His expression turned serious. Reaching up, he stroked a loose strand of hair off her jaw. “Something happened to you.”
There was concern in his eyes, and a protectiveness that shouldn’t mean anything to her.
But it did. “No. Not like you’re thinking. It’s really just a very boring old story.”
“You’re in luck, then. I love boring old stories.”
“No you don’t,” she said on a laugh. “You hardly talk at all unless I’m bugging the hell out of you with questions.”
“True,” he said stroking poor Lucky to keep her calm. “But I like to listen to you.”
Her heart tumbled and she sighed, again moved by him when she shouldn’t be. She supposed she could tell him a little more. “I got accepted on a scholarship into the animal science program.”
“To become a vet?”
“I wasn’t sure. Mostly I just wanted out to see what I was missing. Nobody wanted me to go to Vegas. They all wanted me to go to Idaho State, so of course I did the opposite.”

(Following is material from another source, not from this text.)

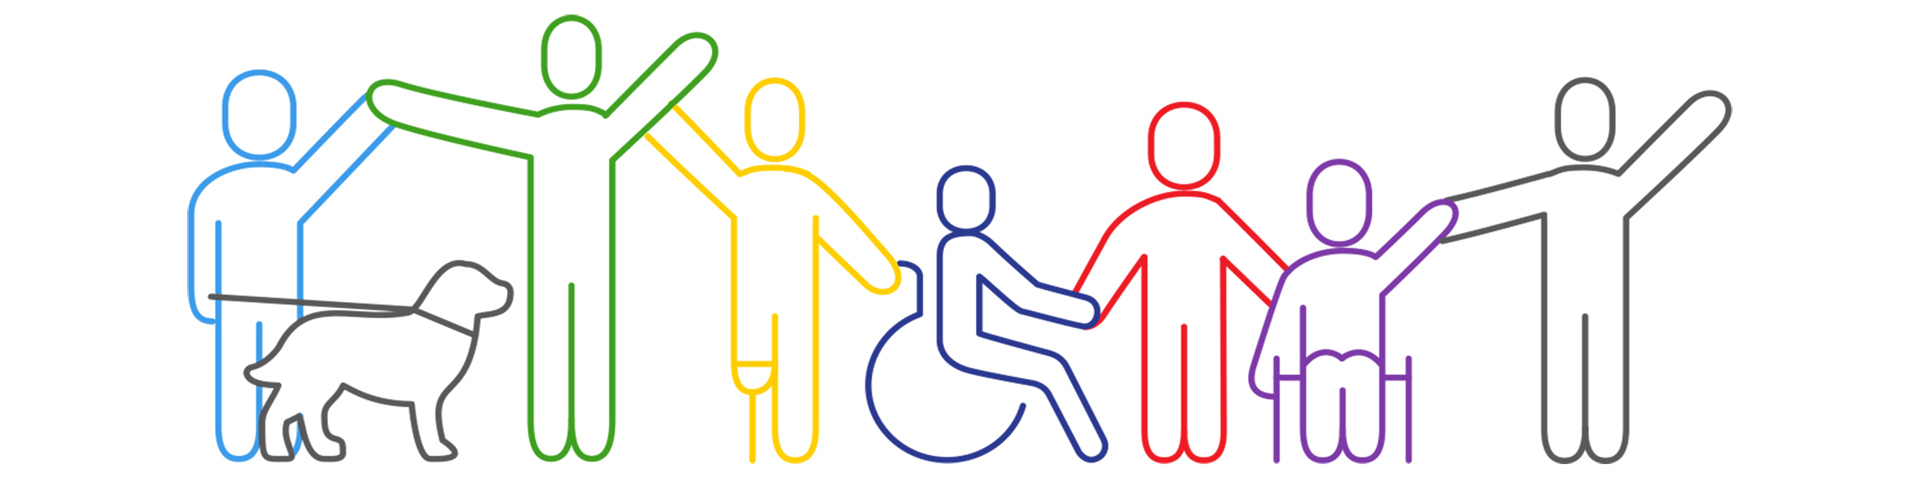 icons representing people with various disabilities and accommodations
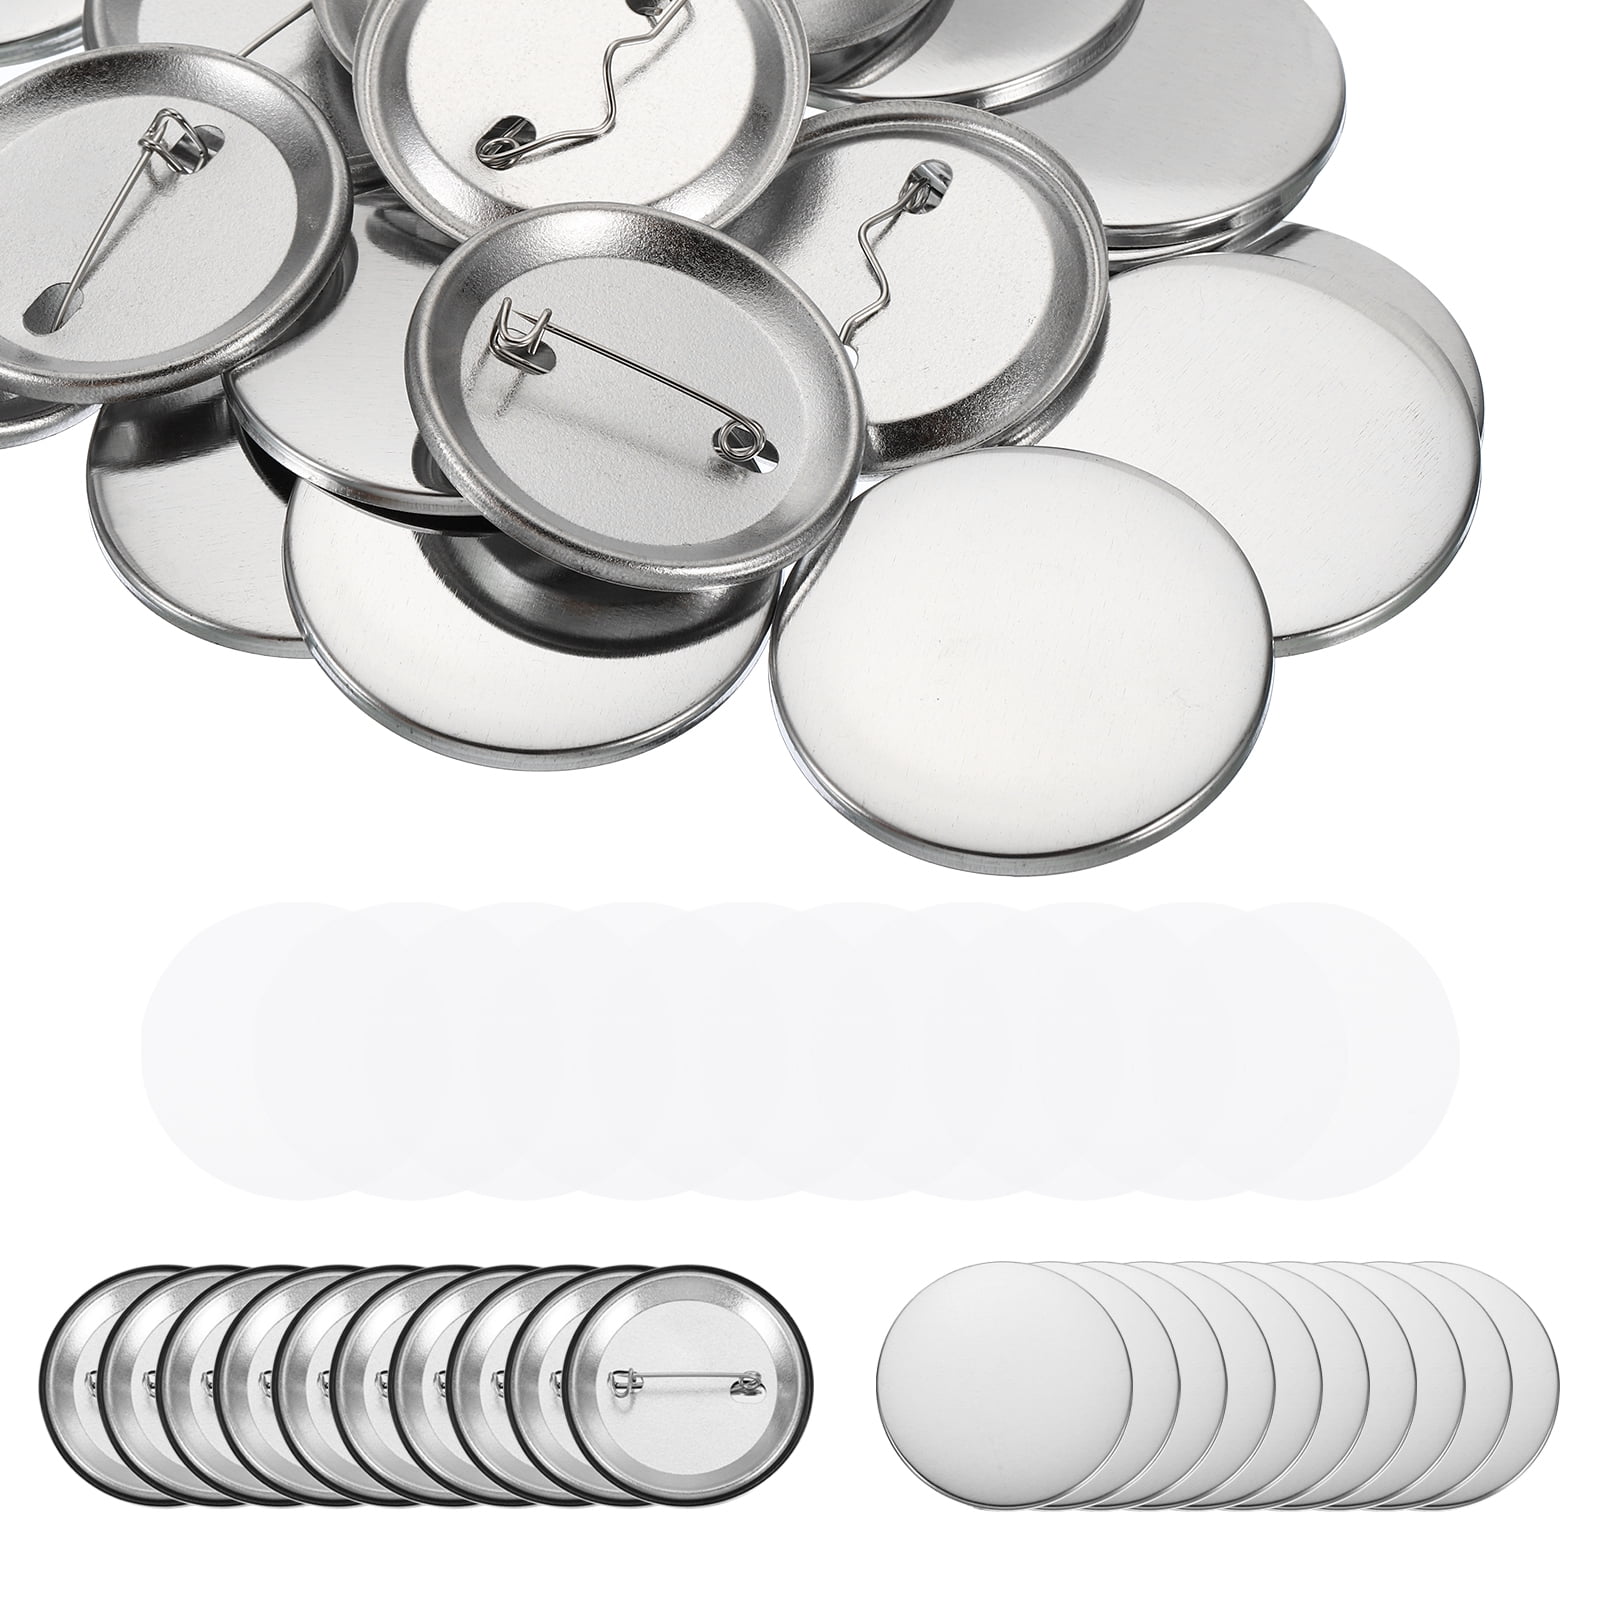 10PCS BLANK FLAT Tray PP Button Maker Supply for Graduation

“And hit the city of big lights.”
“Yeah, I followed the scholarship, I really had no choice—I needed the money.” She hadn’t been able to keep it, unfortunately. Among other things, her grandma had gotten sick, and she’d ended up coming back and forth too much. Her grades had slipped and she lost her scholarship.
Okay, so it hadn’t all been because of her grandma’s failing health, but that part of the story wasn’t in the short version, nor was it up to be shared. “Vegas was a culture shock,” she allowed, and smiled a little at herself, at the good memories she could summon. “But for a time, I loved it.” At least at first. “My roommate was a local girl, and she was determined to help me experience everything I’d missed by growing up in a small ranch town.”
Lilah had been extremely determined to get out and live. Never look back.
Well, okay she’d planned to look back a little. After all, there were her friends here, and her grandma, but in those years, she’d been an idealist, thinking her grandma—and everything else here—would remain the same, locked in time, safe in the capsule that was Sunshine.
Which hadn’t happened.
“I was going to make something of myself,” she said, adjusting the overhead light to the other side of Lucky’s nose and continued to work. “I was going to be the first Young in my entire family to get a college degree and do something with my life.”